PROVIDED DATA.
[Start of Attachment]

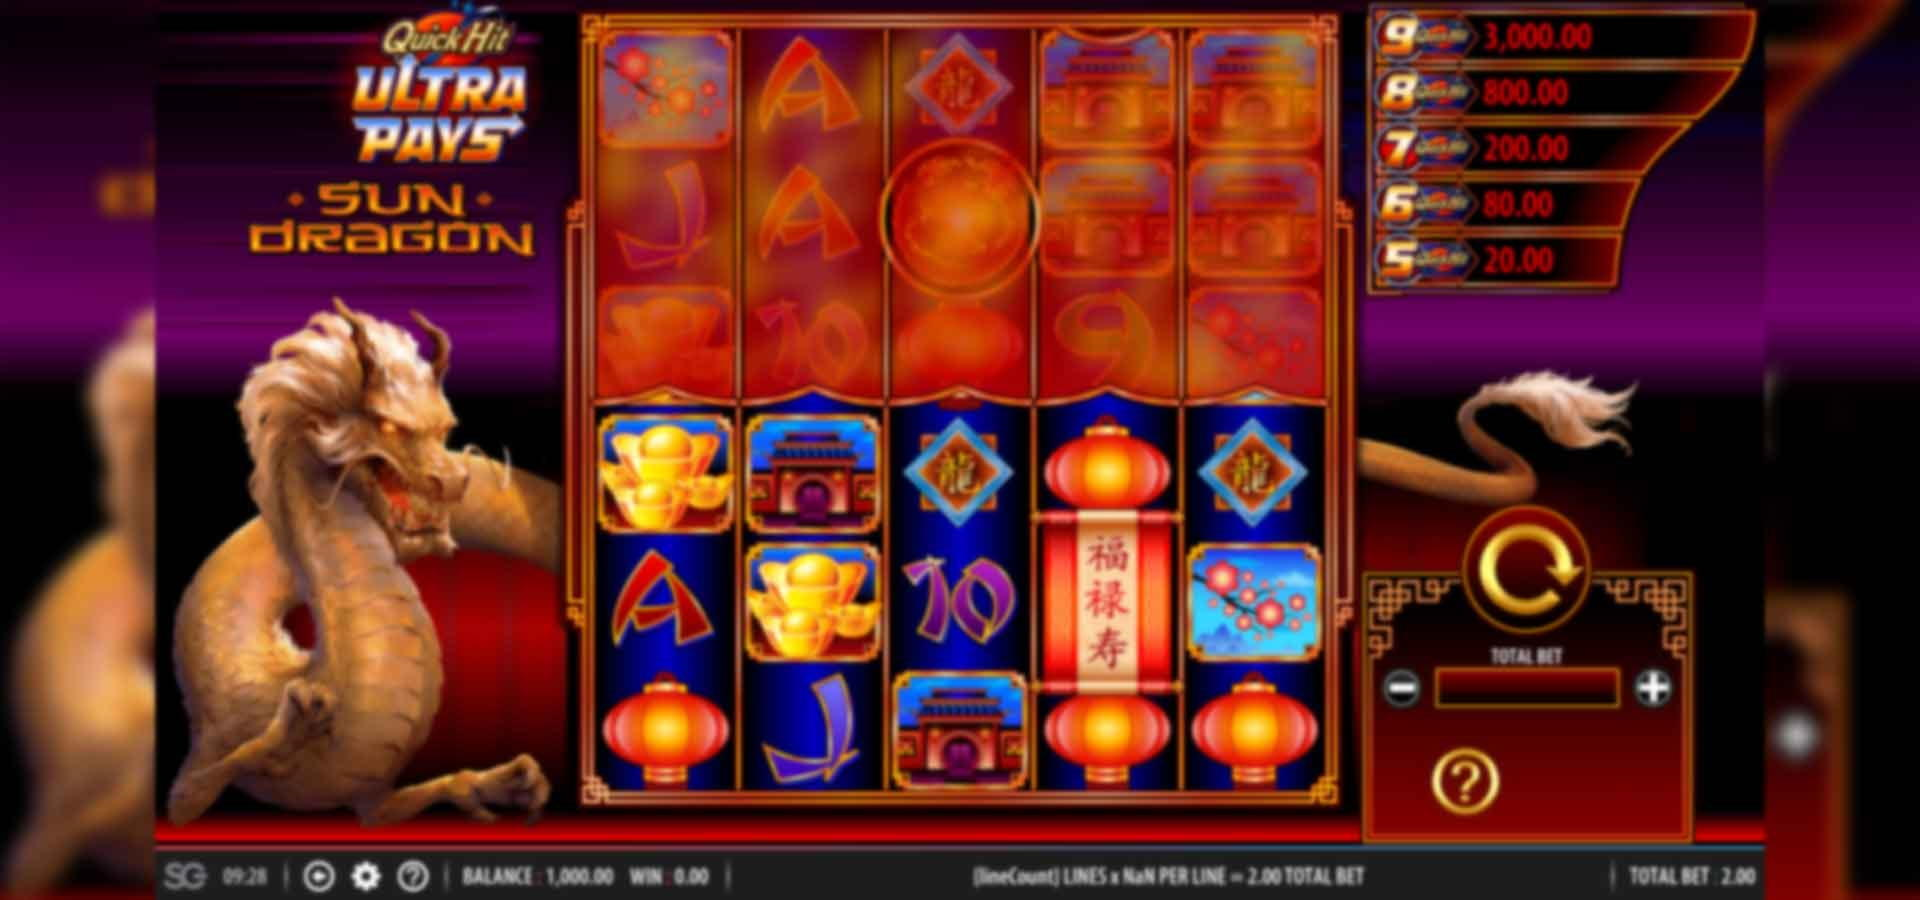 660% Match Bonus Casino at Casino.com
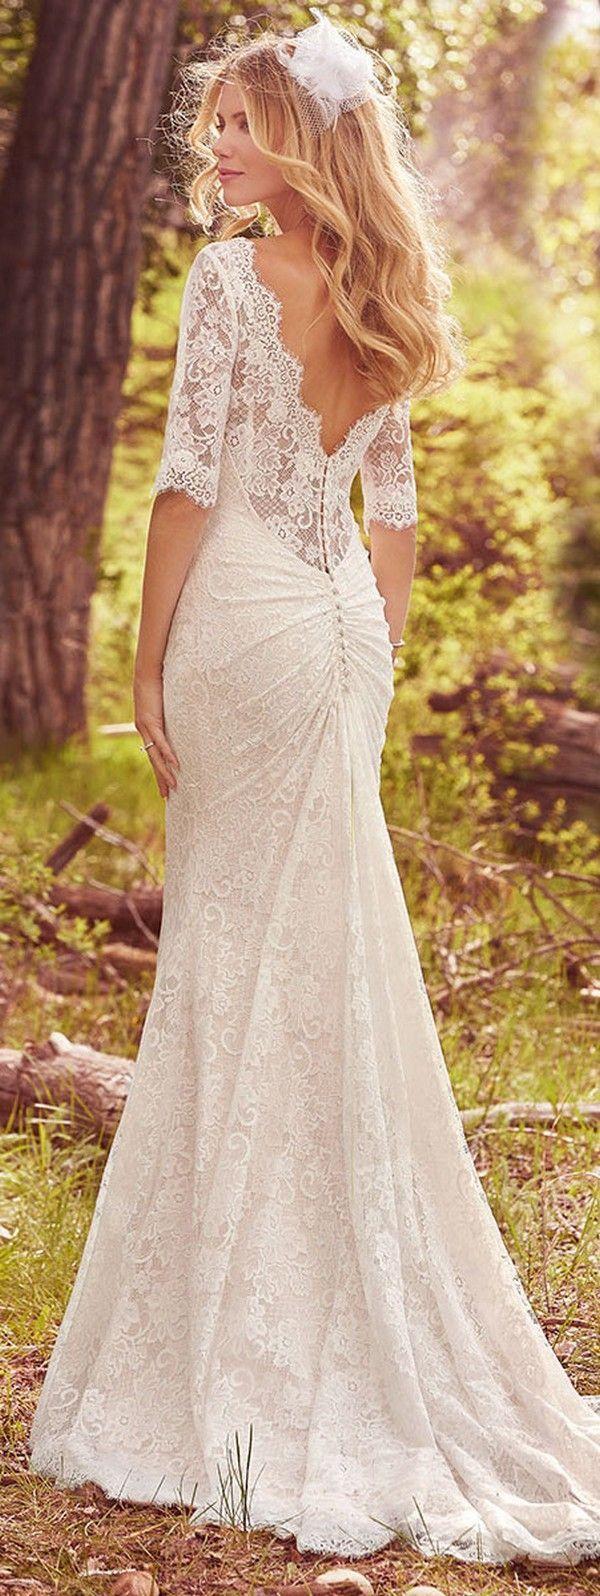 Maggie sottero vintage lace wedding dress for dream dress
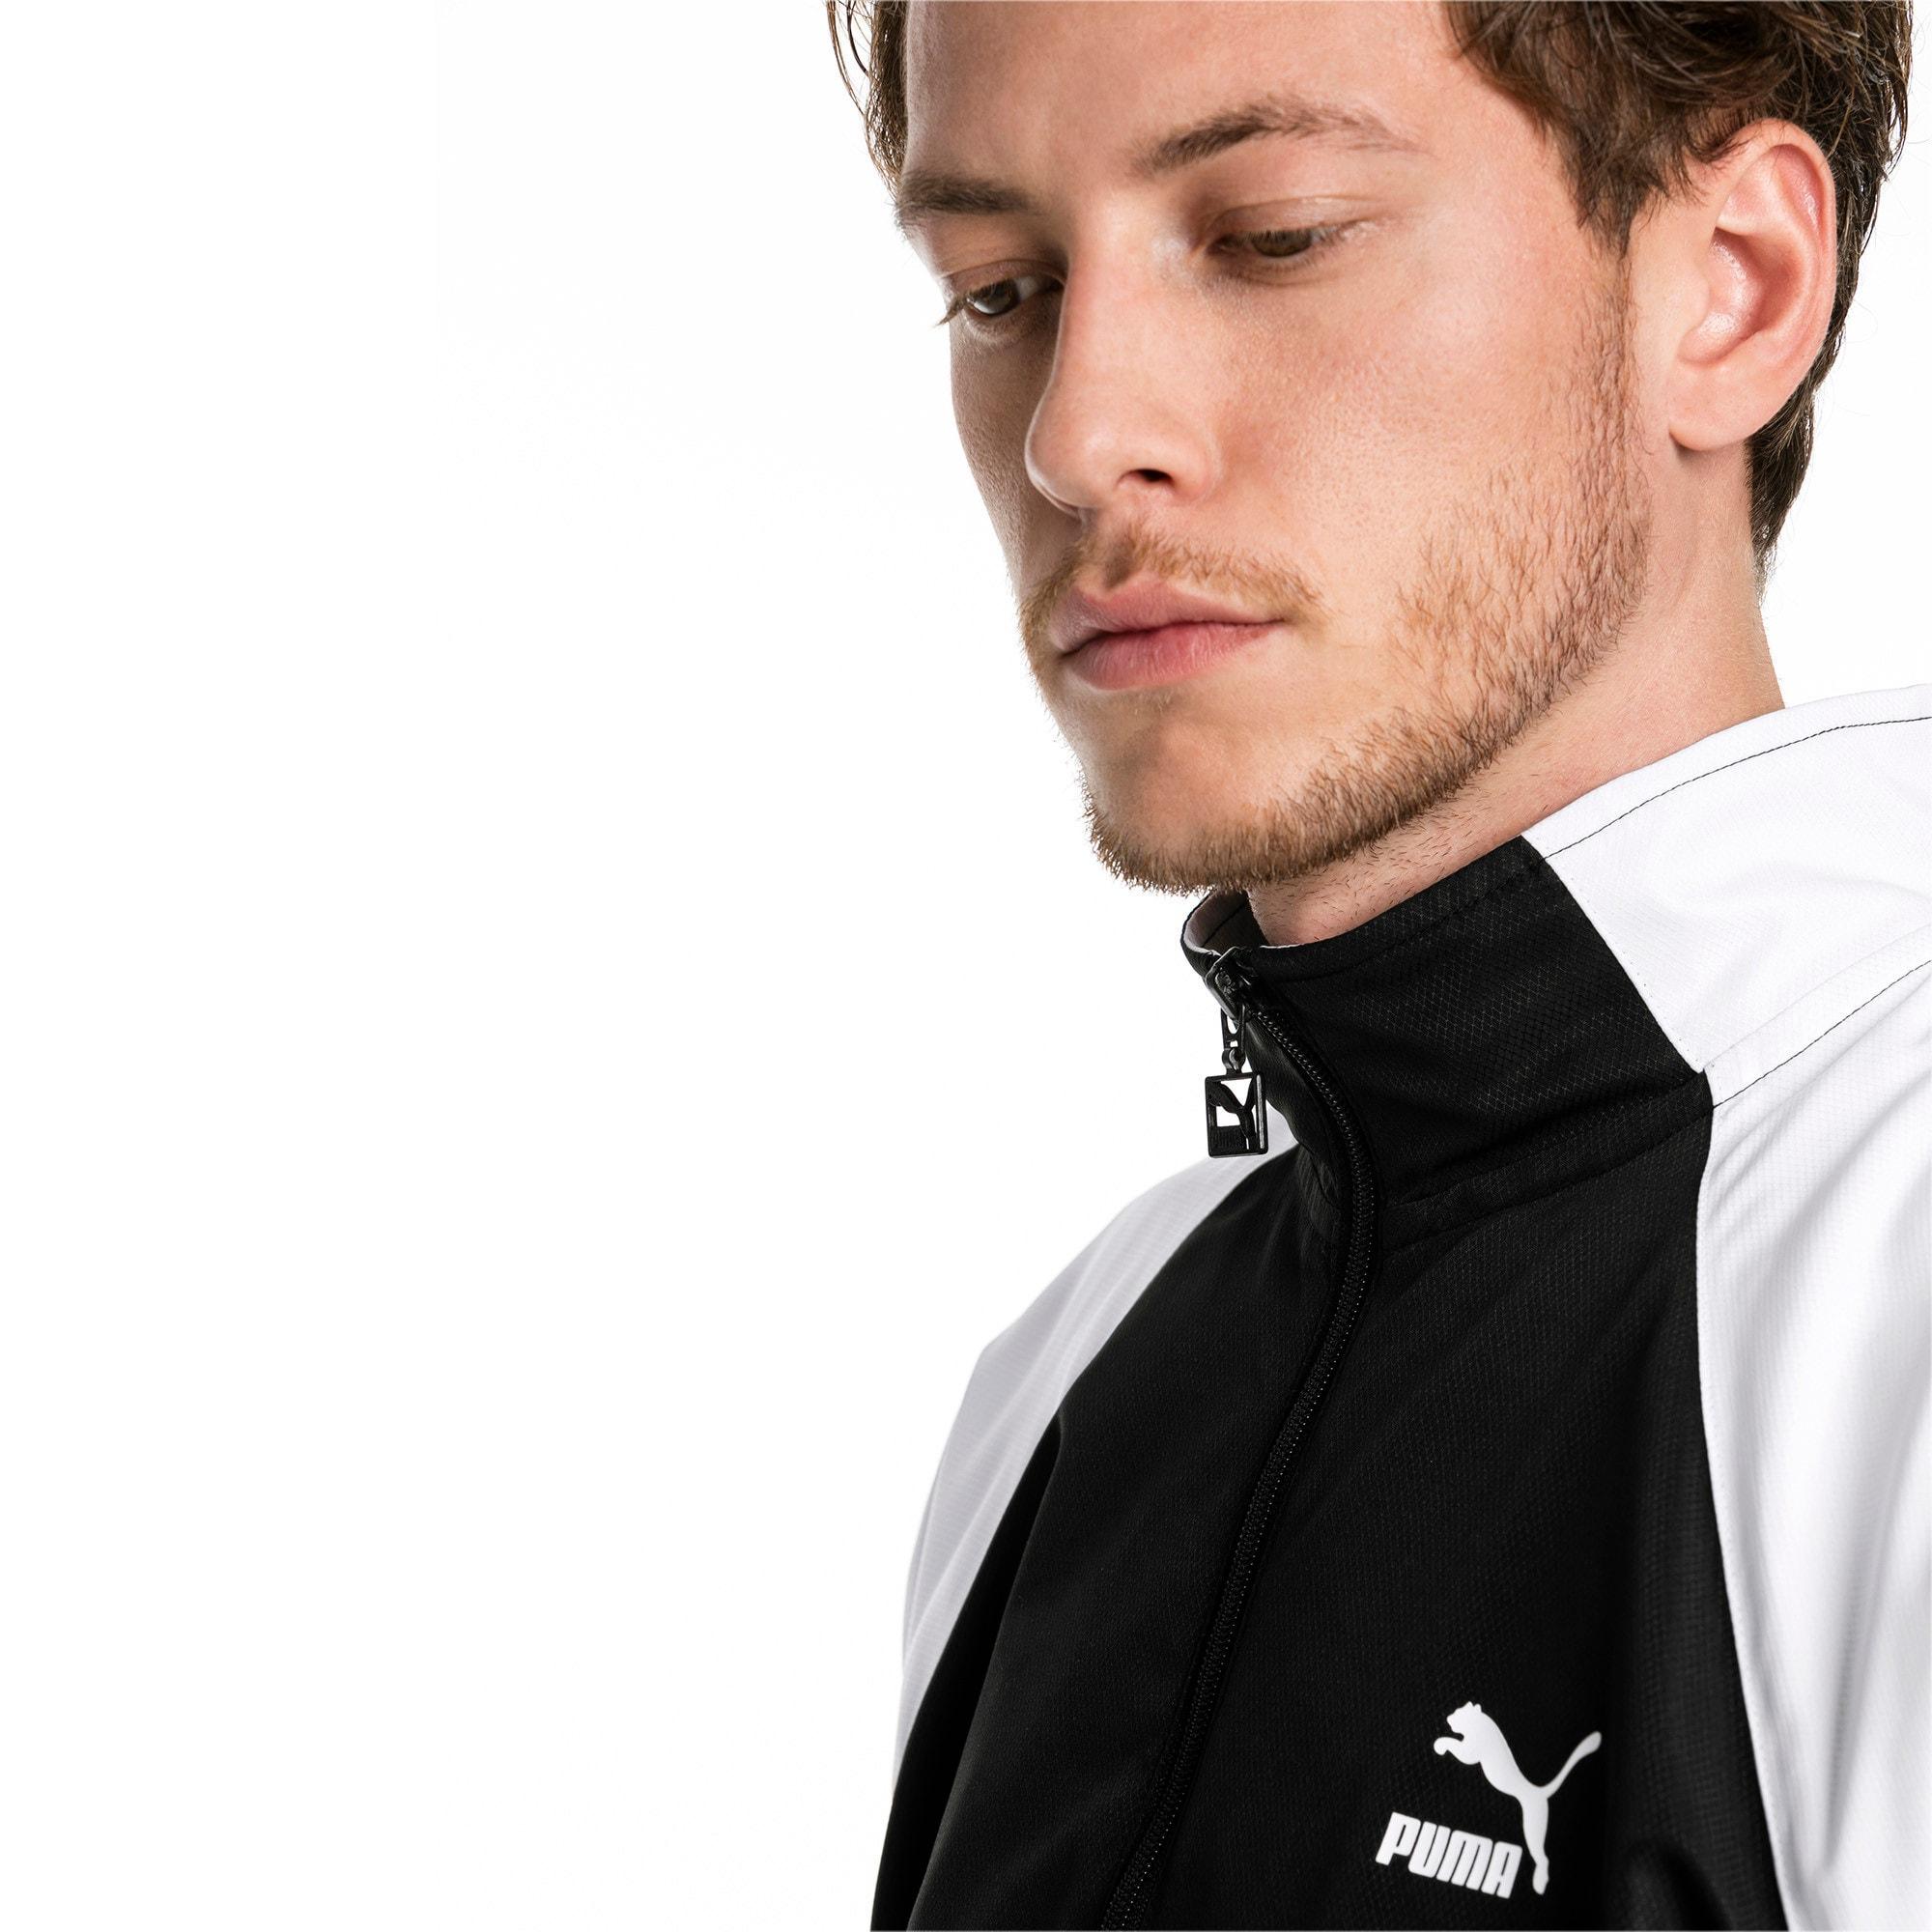 Thumbnail 4 of PUMA XTG Full Zip Men's Woven Jacket, Puma Black-Puma white, medium
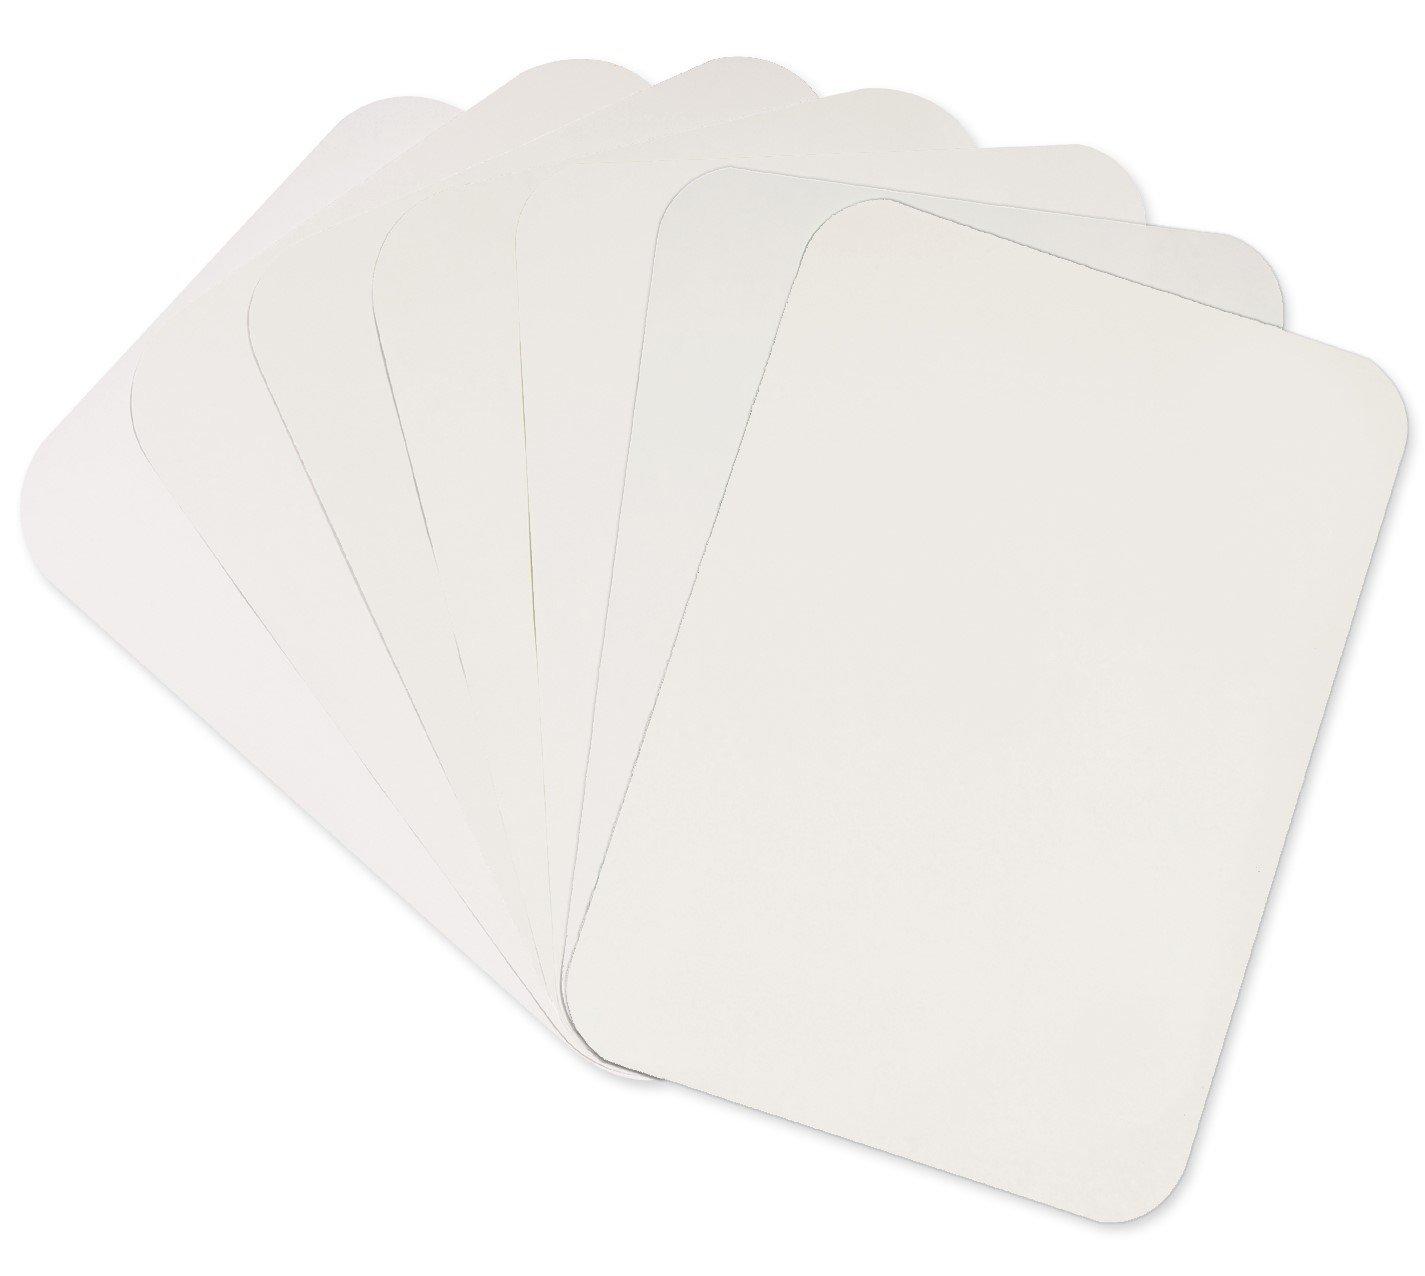 TIDI Ritter (B) Tray Covers, White

[End of Attachment]

WHAT THIS TASK INVOLVES.
Without the pictures, repeat the listing above exactly.

TASK OUTPUT.
 660% Match Bonus Casino at Casino.com
 Maggie sottero vintage lace wedding dress for dream dress
 Thumbnail 4 of PUMA XTG Full Zip Men's Woven Jacket, Puma Black-Puma white, medium
 TIDI Ritter (B) Tray Covers, White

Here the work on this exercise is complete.